7. The Divine Conspiracy by Dallas Willard

According to my records, I have read this five times since 2009. It took me four months to read it the first time. Now, I seem to fly through it.

It is interesting to read what I wrote about this book while reviewing Summa Theologica in 2012:

"I am not big on theology. As I told my friends who were gathered around a picnic table hotly debating theology one summer afternoon in 2001, "I just don't 'think' about God." This was followed by uproarious laughter because they all knew I had been studying and leading Bible studies  for over 30 years (www.3yearbiblebookclub.blogspot.com). I don't think about God just as I don't "think" about my husband, I LOVE him. I ADORE him. I want to KNOW him. I don't want to THINK ABOUT him!  So that is where I get hung up on theology.
BUT I believe this is how some people's brains work. So, I have slowly and painfully tried to read theology in order to become "all things to all men." I like Piper and Tozer, but they make it so practical. I still struggle with Dallas Willard's The Divine Conspiracy because it is too philosophical and just not practical. But others gobble it up. Therefore, I muddled my way through it, twice. (Part of my reason for not thinking that book is too earth-shattering is that I say, "Duh, isn't this how all believers should live? Isn't it obvious? Don't people already know this stuff about the Kingdom of God?" But apparently not for those raised in a traditional church culture. I was nurtured in the Navigators which was radically different and more like what Willard describes. The Navigators were more practical than Willard though. I do like Willard's Spirit of the Disciplines though. But I digress. . .)" 
After reading this quote, I feel like Elizabeth Bennet in Pride and Prejudice (1995 mini-series version) in this memorable scene with Mr. Darcy:


Darcy: "You are too generous to trifle with me. If your feelings are still what they were last April (when she hatefully rejected his marriage proposal), tell me so at once. My affections and wishes are unchanged; but one word from you will silence me on this subject forever."
Elizabeth: "Oh my feelings. My feelings - I'm ashamed to remember what I said then. My feelings are so different. In fact, they are quite the opposite."

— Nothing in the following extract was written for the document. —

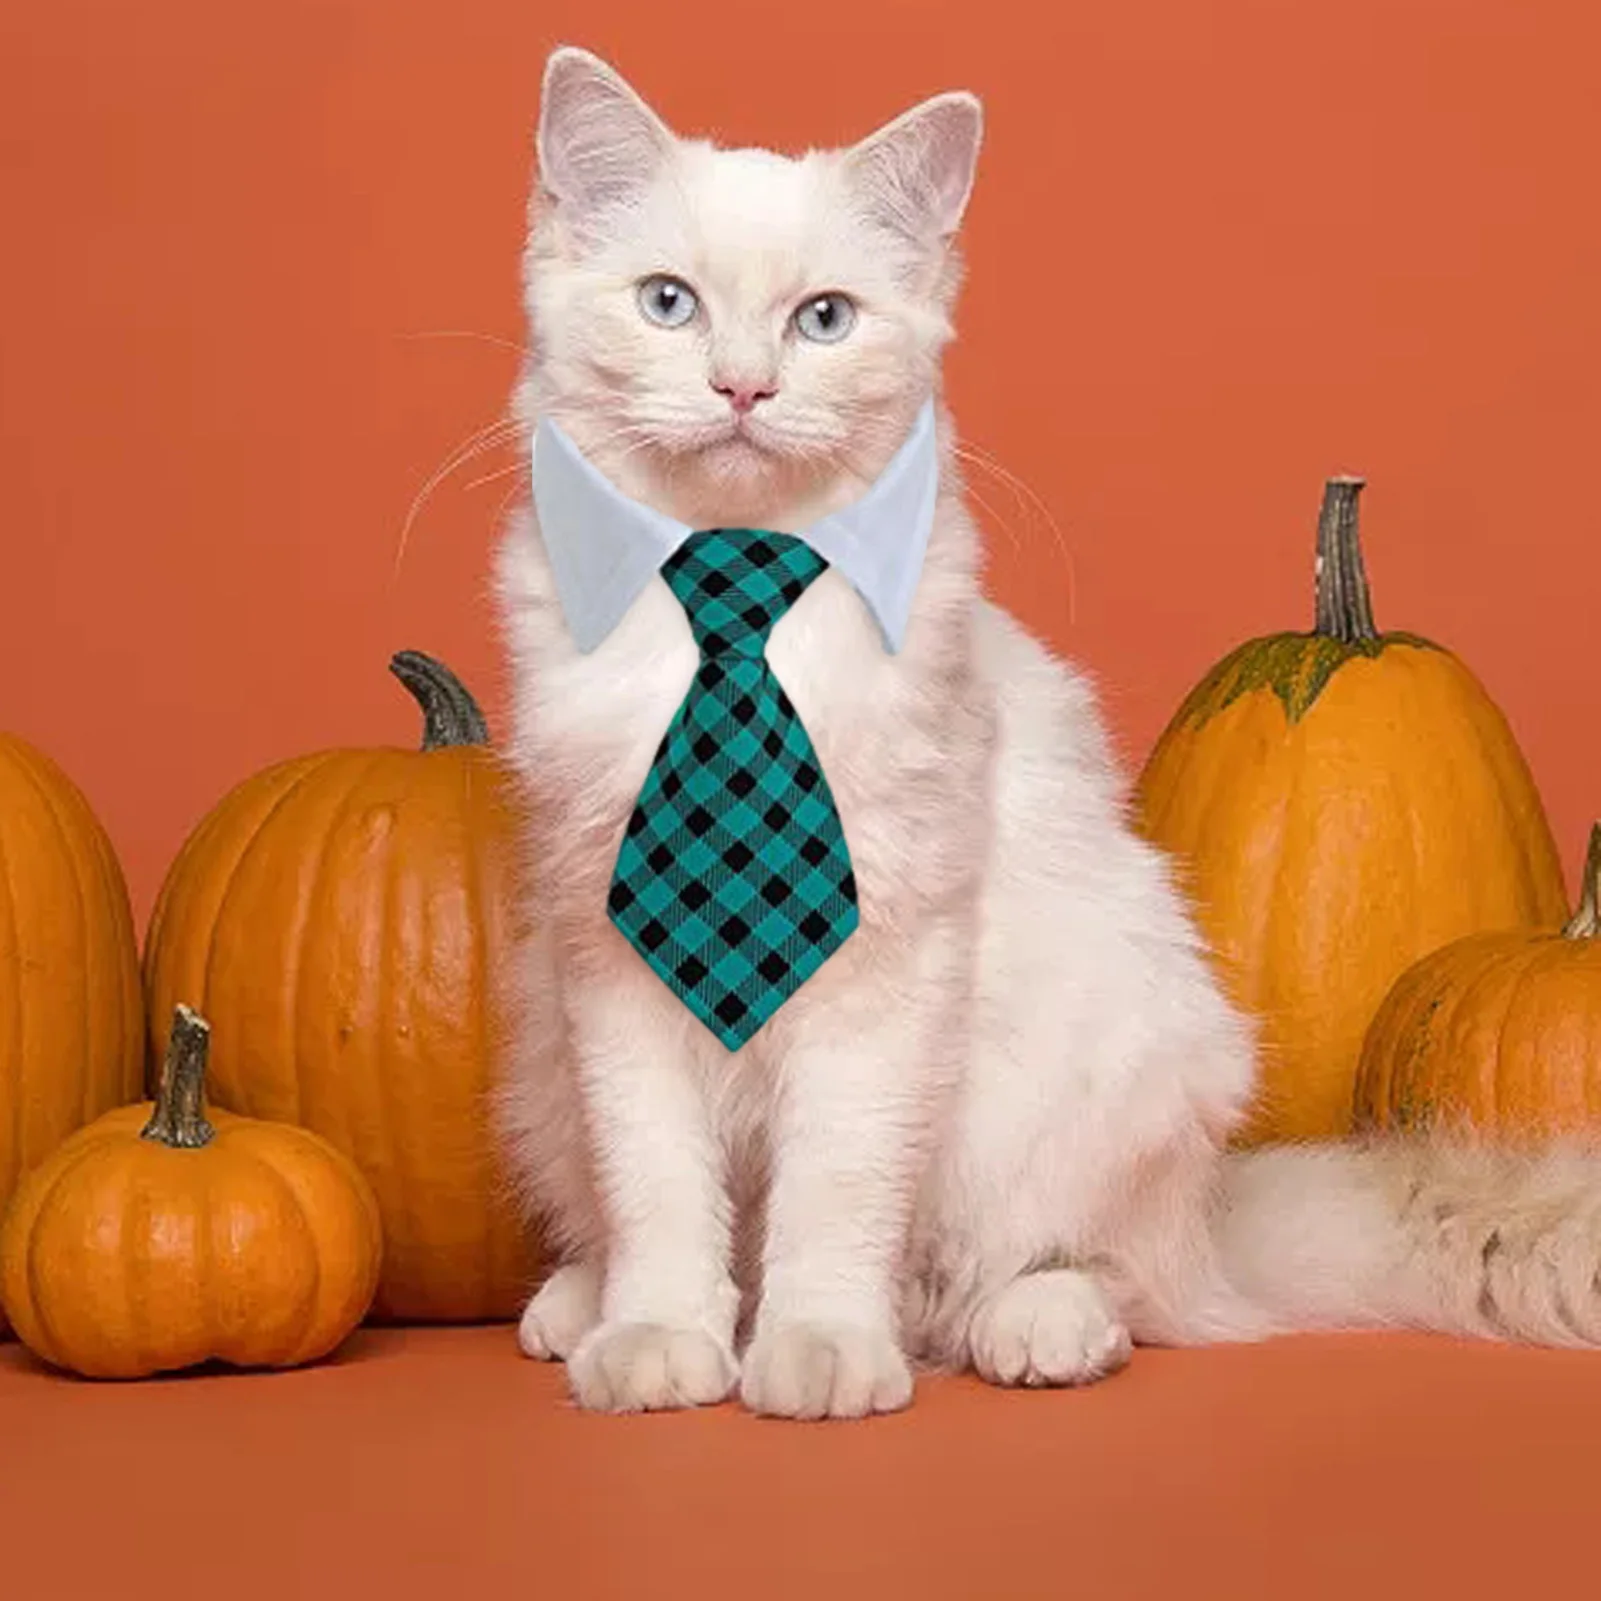 Tanie 1pc muszka dla psa szczeniak kotek krawat w paski gwiazda kołnierz Handmade kot produkt sklep

So this is sort of how I feel about this book. I sort of grows on you or maybe I have grown. I have an easier time reading this (which on reflecting on my previous quote above is really not "theology" at all). Maybe my head is bigger because C.S. Lewis is also easier for me to read these days too.

It wasn't that I didn't "get" what he was trying to say, but it seemed too long-winded and I figured everyone believed this, and it was obvious. Now I see that this is not the case, and it is why I like it so much now.

 I was so surprised to see every person in this year's kingdom community EAT IT UP with their first try. They all bought their own copies! So, that was nice.

So, I recommend you read it. It will be good for your soul.

Here are my previous reviews with quotes:



2014: The ultimate goal of this book is that you will “join God in a divine conspiracy to advance the invisible kingdom of God here on earth,” and you do that by “choosing to be an apprentice to Jesus, who stands at the center of everything – having died on a cross ‘to undermine the structures of evil’” (Study Guide, p. 5, DC, p. 188).

Willard writes:

Whatever the ultimate explanation of it, the most telling thing about the contemporary Christian is that he or she simply has no compelling sense that understanding of and conformity with the clear teachings of Christ is of any vital importance to his or her life, and certainly not that it is in any way essential. … More than any other single thing, in any case, the practical irrelevance of actual obedience to Christ accounts for the weakened effect of Christianity in the world today. . . . It also accounts for the practical irrelevance of Christian faith to individual character development and overall personal sanity and well-being. (introduction, p. xv)

This book . . . 
. . . presents discipleship to Jesus as the very heart of the gospel. The really good news for humanity is that Jesus is now taking students in the master class of life. The eternal life that begins with confidence in Jesus is a life in this present kingdom, now on earth and available to all. So the message of and about him is specifically a gospel for our life now, not just for dying. It is about living now as his apprentice in kingdom living, not just as a consumer of his merits.



2013 Review (I mention that this is my third time, and that is when the book clicked for me): http://carolhomeschool2.blogspot.com/2013/12/64-divine-conspiracy-rediscovering-our.html

What I REALLY like are his two others book: The Spirit of the Disciplines and Hearing God. I also love his DVD series with John Ortberg: Living in Christ's Presence. Actually the DVD series is my favorite of all!